In a few short days, Americans will be drawn together to remember those who were lost ten years ago on September 11, 2001. It is a day in which we were all shaken to the core. It is also a day when countless leaders, both religious and political, called on all of us to turn to God in prayer. It was through these prayers that we were comforted as we sought strength to go on. My how times have changed.

First, there is New York City and the actions of Mayor Michael Bloomberg. As reported by Newsmax.com, Bloomberg is refusing to “allow members of the clergy to play a role in the city’s commemoration of the tenth anniversary of 9/11.”

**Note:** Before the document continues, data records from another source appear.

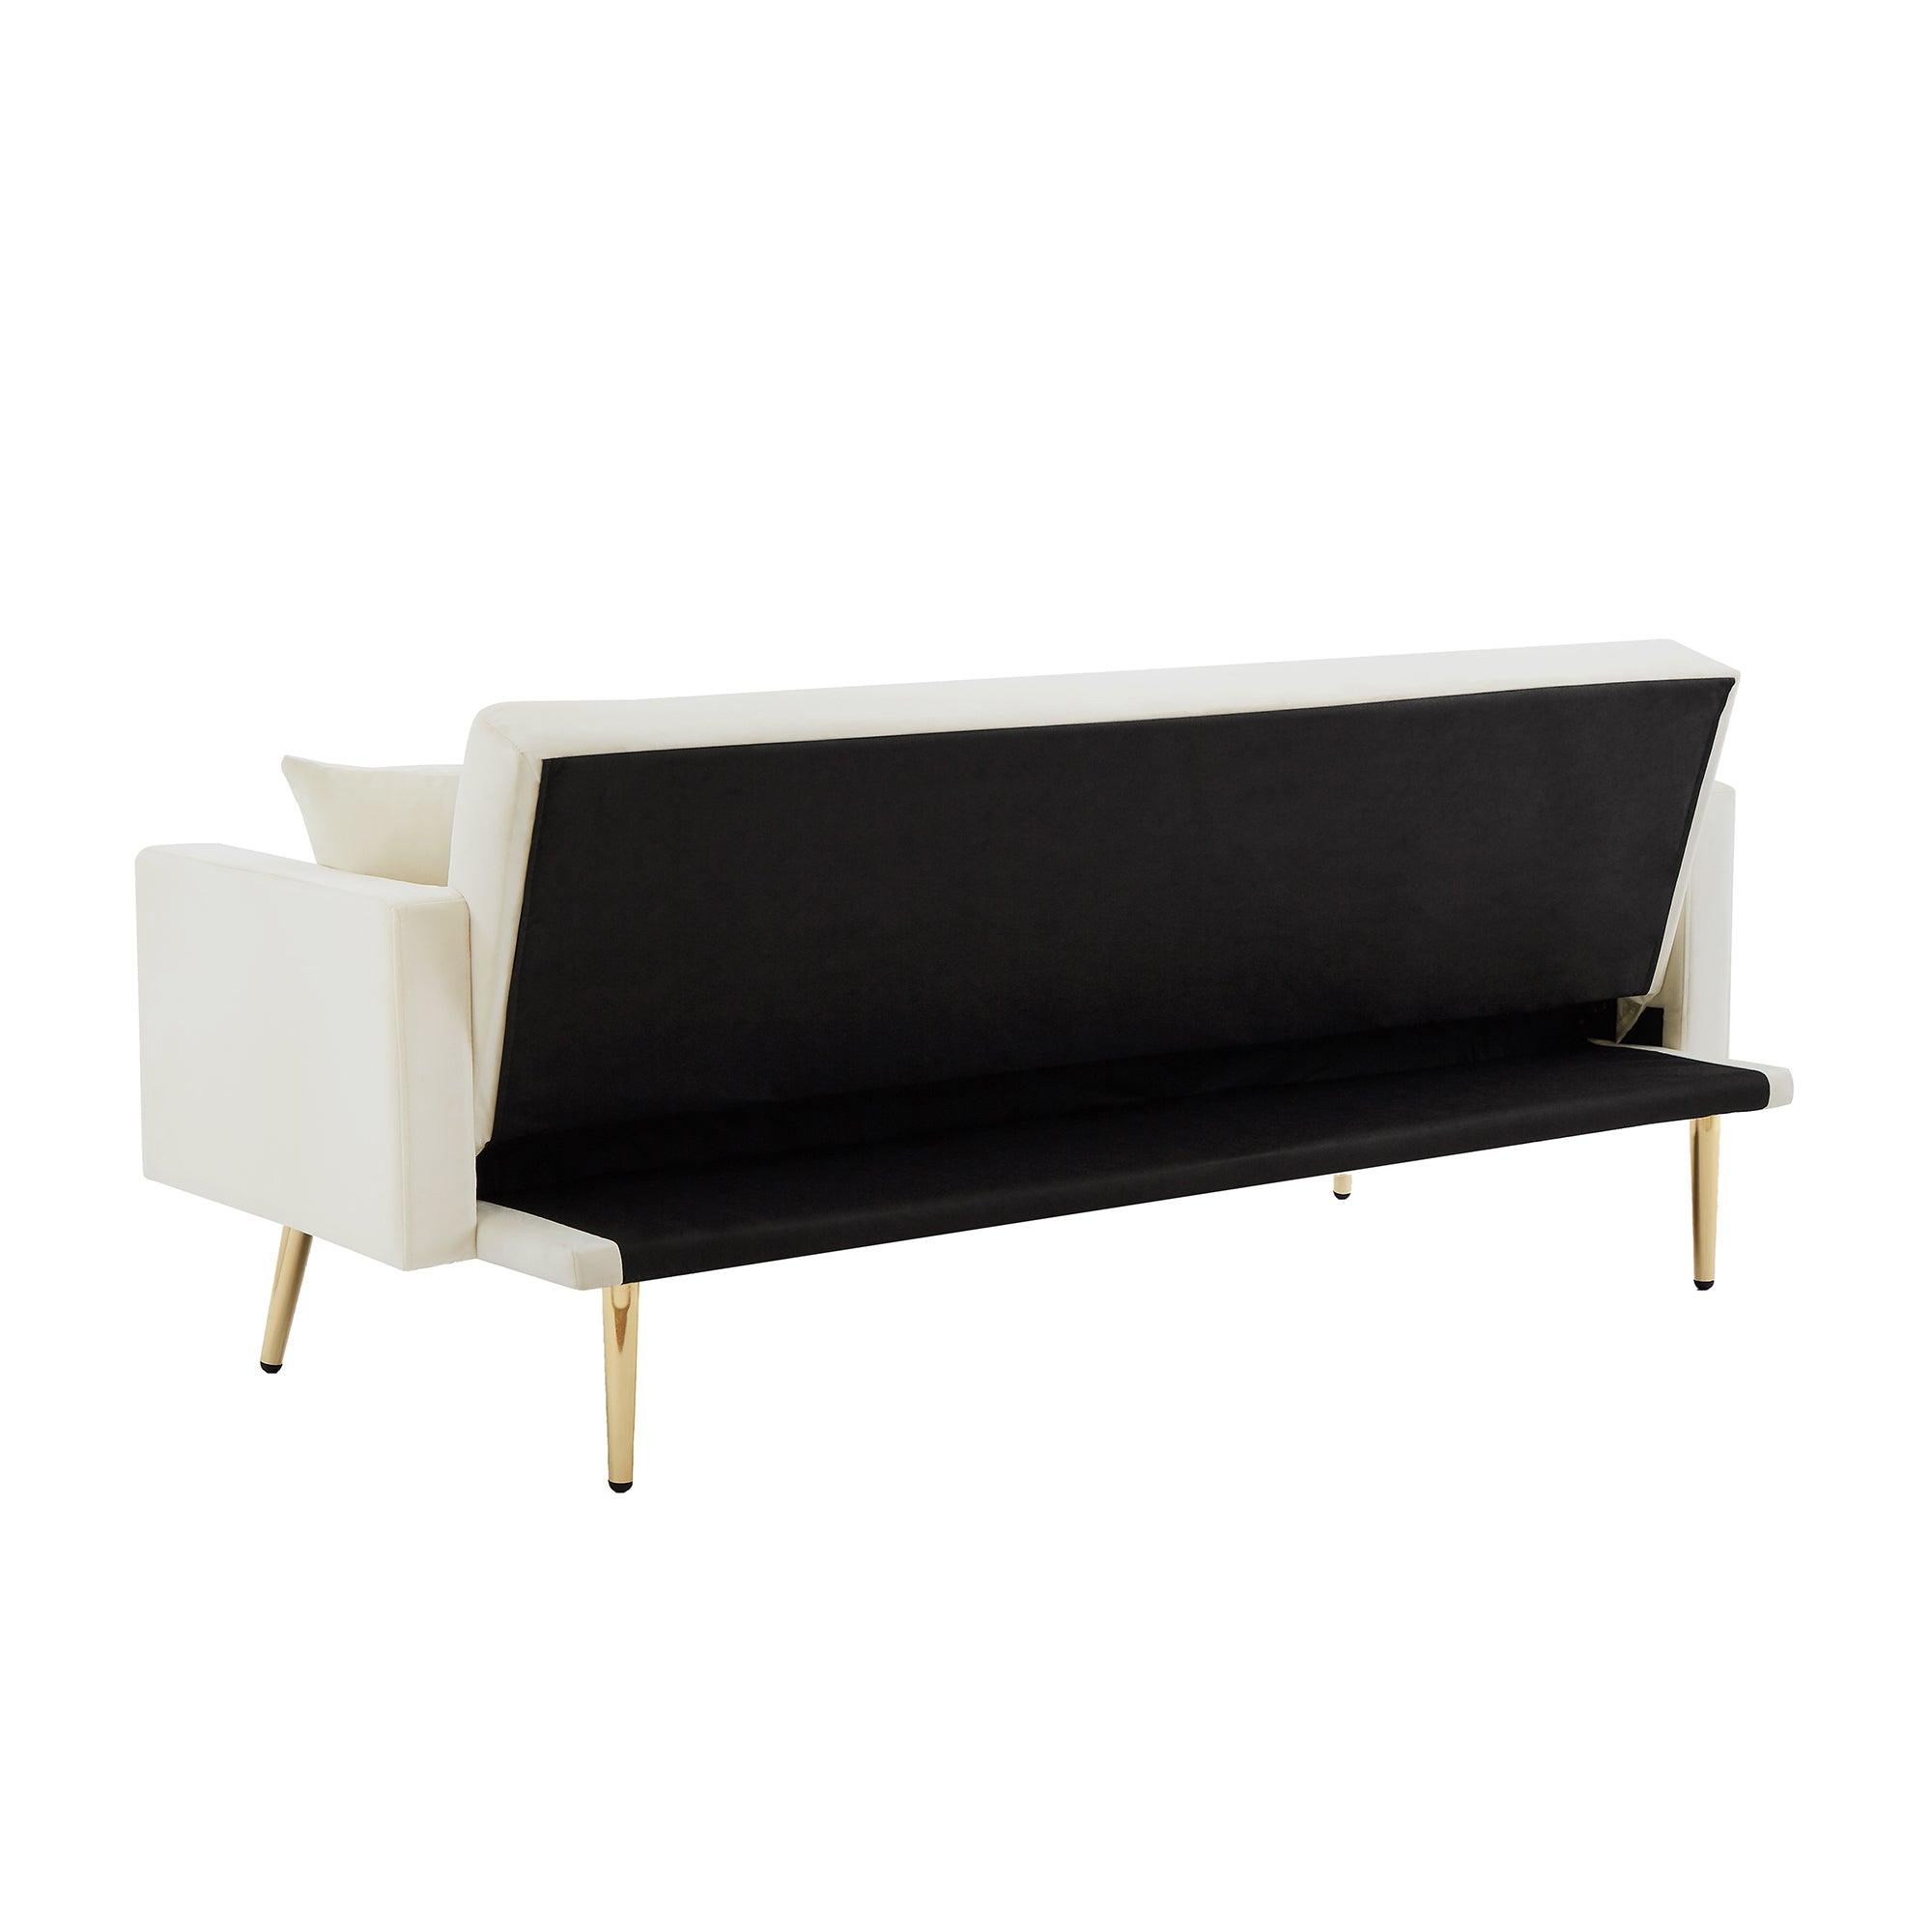 Cream White Velvet  Convertible Folding Futon Sofa Bed, Sleeper Sofa Couch For Compact Living Space. LamCham
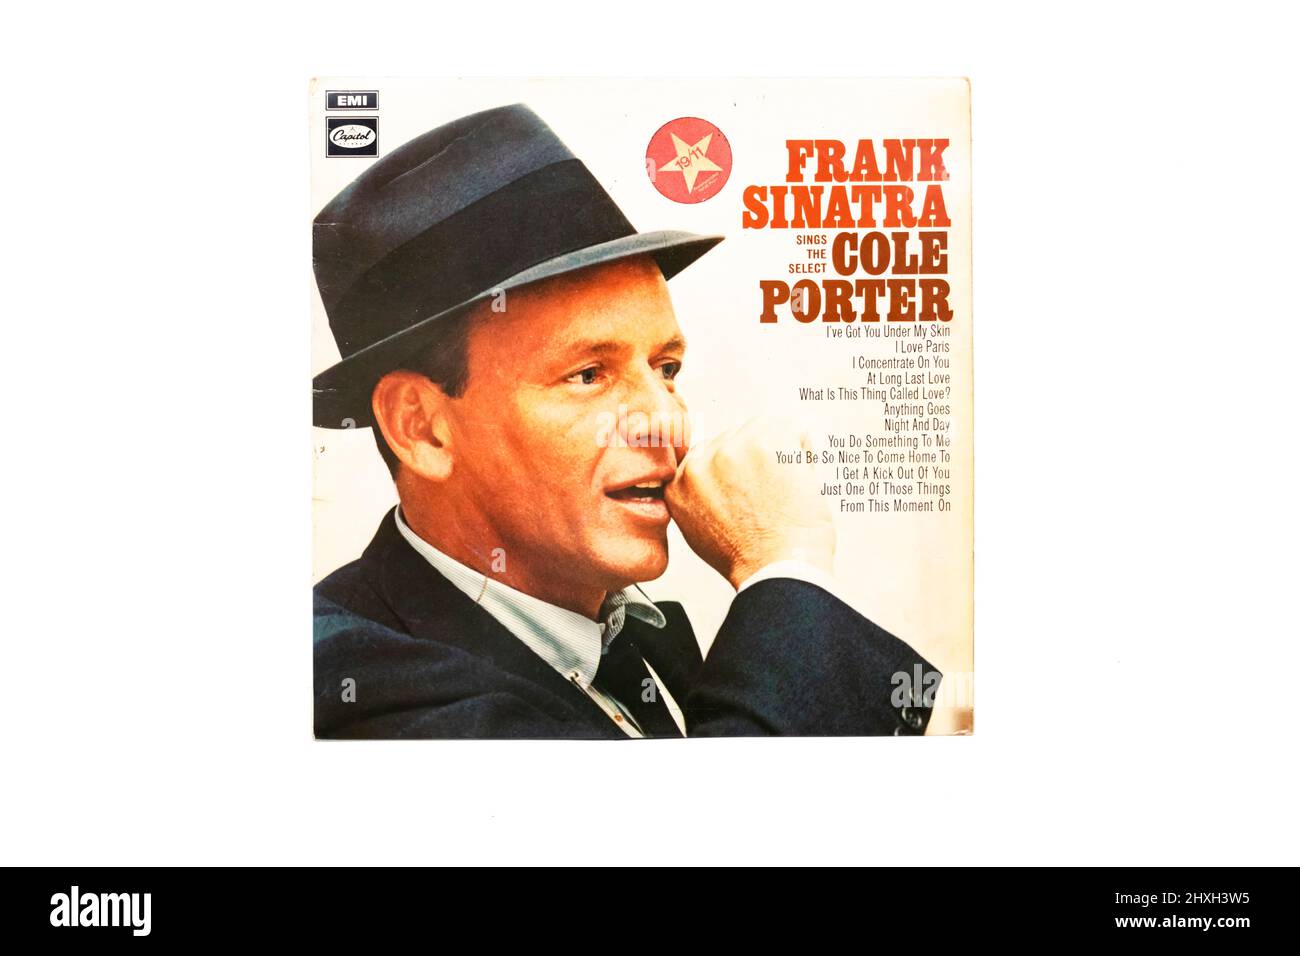 Frank Sinatra sings Cole Porter vinyl LP record cover Stock Photo
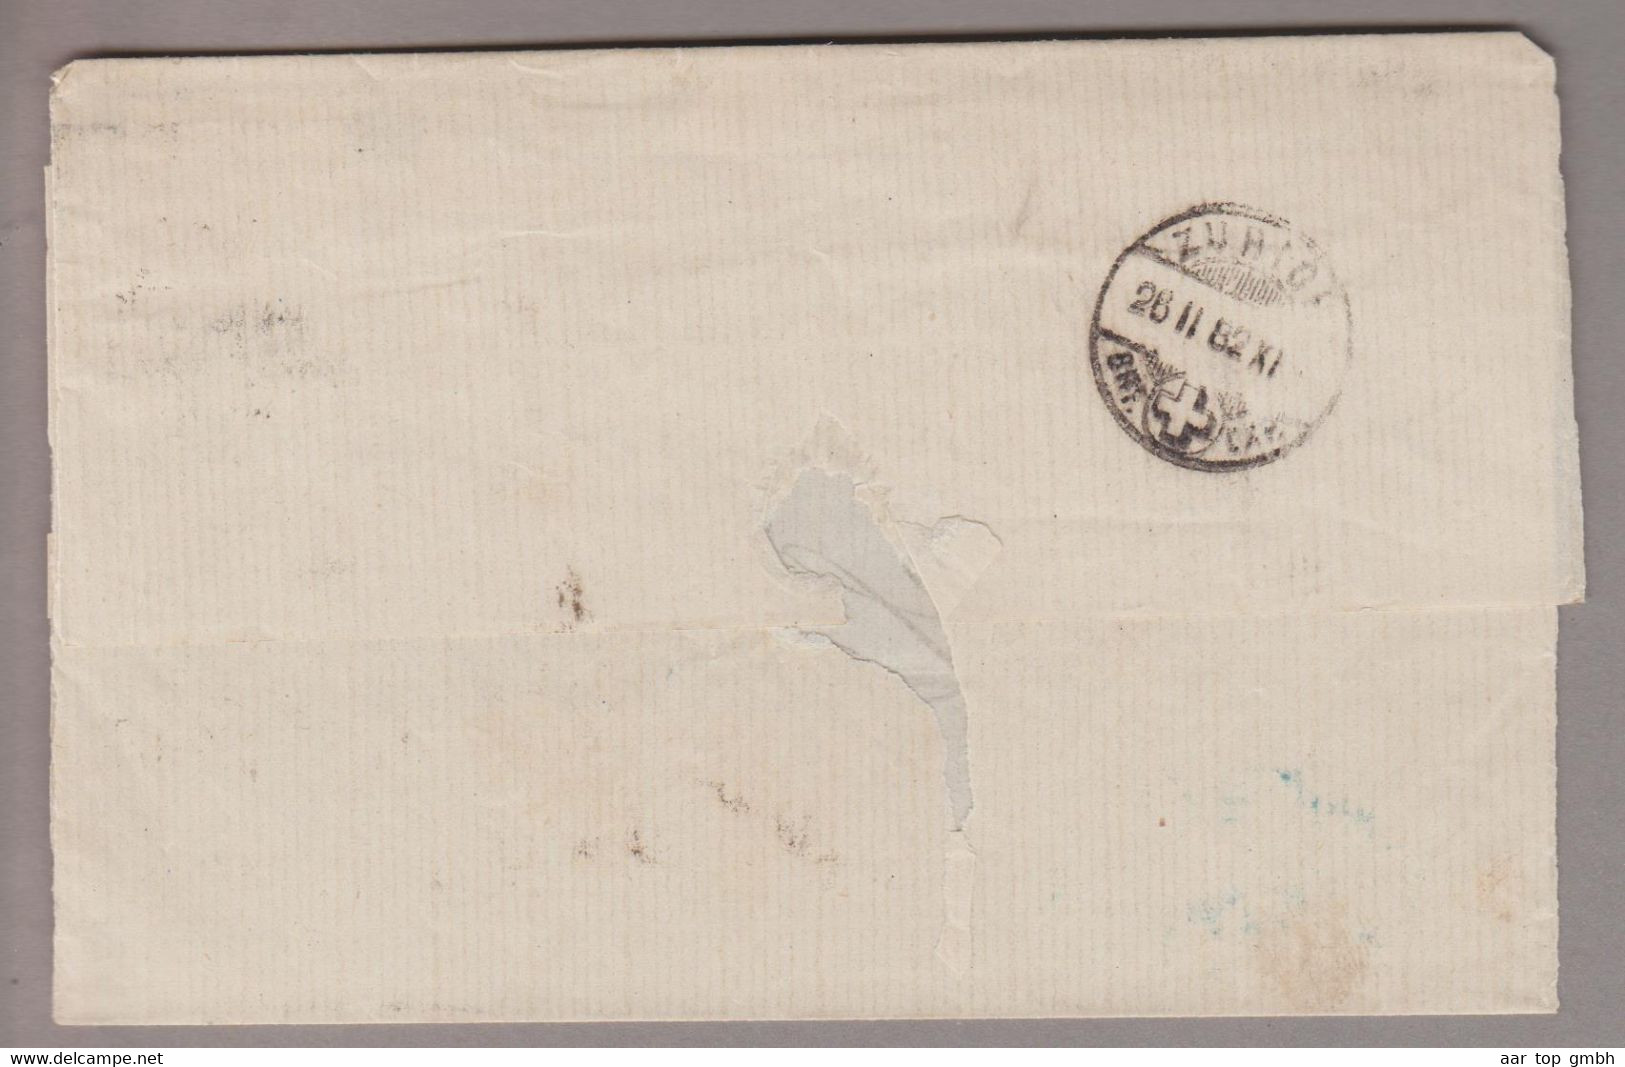 Grossbritannien Heimat Mark-Lane E.C. 1882-02-02 Streifband Nach Zürich Mit 2.5 Penny P 23 - Covers & Documents
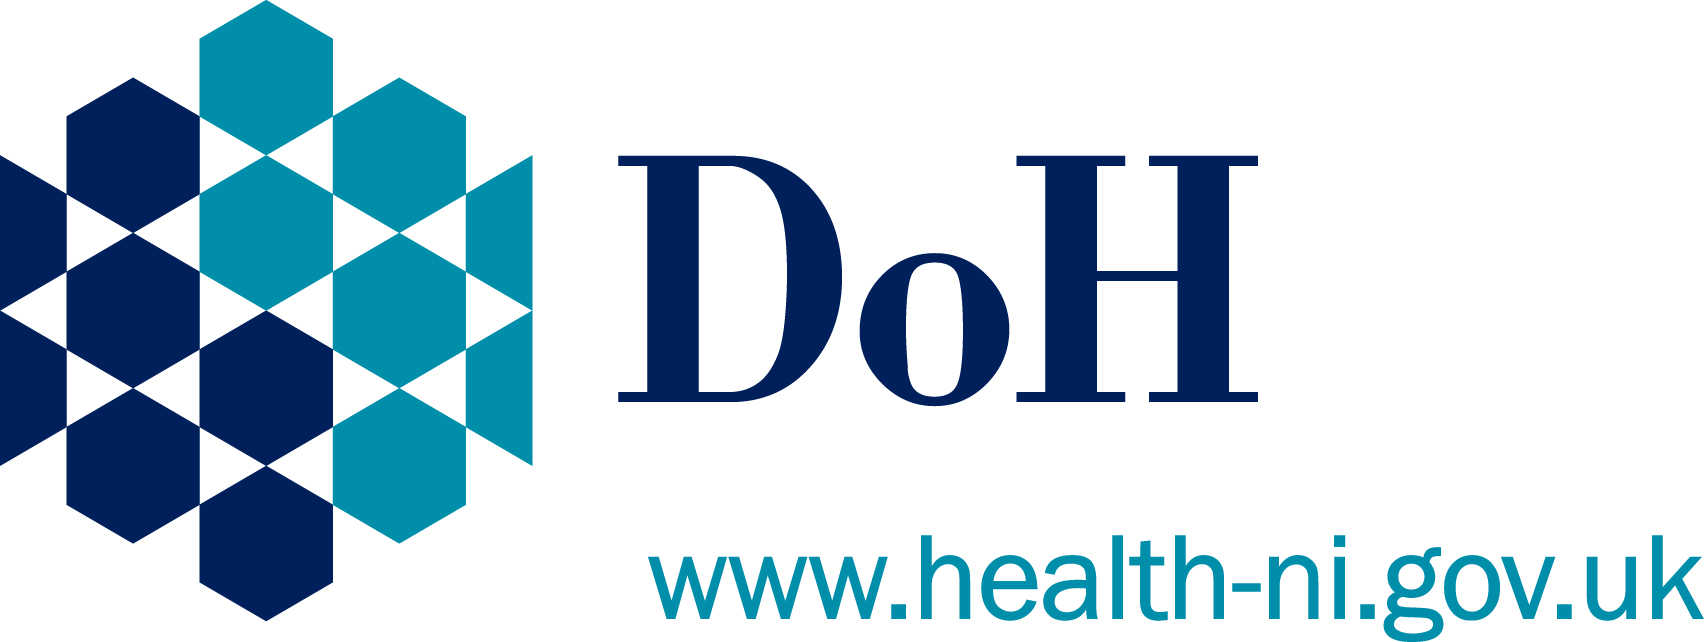 Northern Ireland Department of Health logo

“This is America, and to have a memorial service where there’s no prayer, this appears to be insanity to me,” said Rudy Washington, a deputy mayor under Bloomberg’s predecessor Rudy Giuliani, who organized a nationally televised interfaith ceremony at Yankee Stadium in the days after the 2001 attacks.

“I feel like America has lost its way,” added Washington. “I am very upset about it. This is crazy.”

New York City Council member Fernando Cabrera, a pastor in the Bronx, said faith was one of the “pillars that carried us through” the days after the attacks and called religious leaders “the spiritual and emotional backbone.”

In a story covered by the Culture and Media Institute, reporter Paul Wilson notes that the banning of religious participation at the New York 9/11 memorial services are being ignored by the major media networks.

Since the Wall Street Journal first reported on the exclusion of religion from the ceremony on August 24, ABC, CBS, and NBC have run 71 segments (Nexis searches of 9/11 OR September 11 from August 24 to September 4) mentioning 9/11. Not one of them mentioned the controversy over the absence of religious participation at the Ground Zero ceremony on 9/11.

The networks’ silence is all the more deafening since plenty of major news outlets have covered the exclusion of religion from the ceremony. Fox News Channel covered the controversy during numerous segments – The O’Reilly Factor, Hannity, The Five, and Fox News Watch all produced segments on the issue. USA Today’s editorial board also covered the debate on September 6. The Wall Street Journal, as previously noted, broke the story. The mainstream networks, however, remain mute.

Before you think that this omission is limited to New York, think again. As reported by FoxNews.com, in Washington, DC, a “weekend of religious-themed observances at Washington National Cathedral marking the tenth anniversary of the September 11 terrorist attacks will include a Buddhist nun and an Imam, but not an evangelical Christian.”

“A Call to Compassion” will include an interfaith prayer vigil on Sept. 11. It will feature the dean of the Cathedral, the Bishop of Washington, a rabbi, Buddhist nun and incarnate lama, a Hindu priest, the president of the Islamic Society of North America and a Muslim musician.

However, Southern Baptists, representing the nation’s largest Protestant denomination, were not invited to participate – and neither were leaders from any evangelical Christian organization.

So… even when there is religion, there are only certain religions allowed.

Tony Perkins, who heads the Family Research Council, blasted the program as “clearly politically correct” and said “the lineup was better suited for the United Nations than the United States.”

“There’s no doubt that this is clearly politically correct,” Perkins told Fox News Radio. “It is historically inaccurate that in times of need or mourning that Americans pray to the Hindu or Buddhist Gods or the God of Islam. America is overtly a Christian nation that prays to the Judeo-Christian God – and specifically to Jesus Christ.”

So what is going on here? We have an event that actually brought the nation closer to God through prayer, and now we remember the events of that day by turning away from God?

I wonder who these political leaders will be turning to when the next attack comes.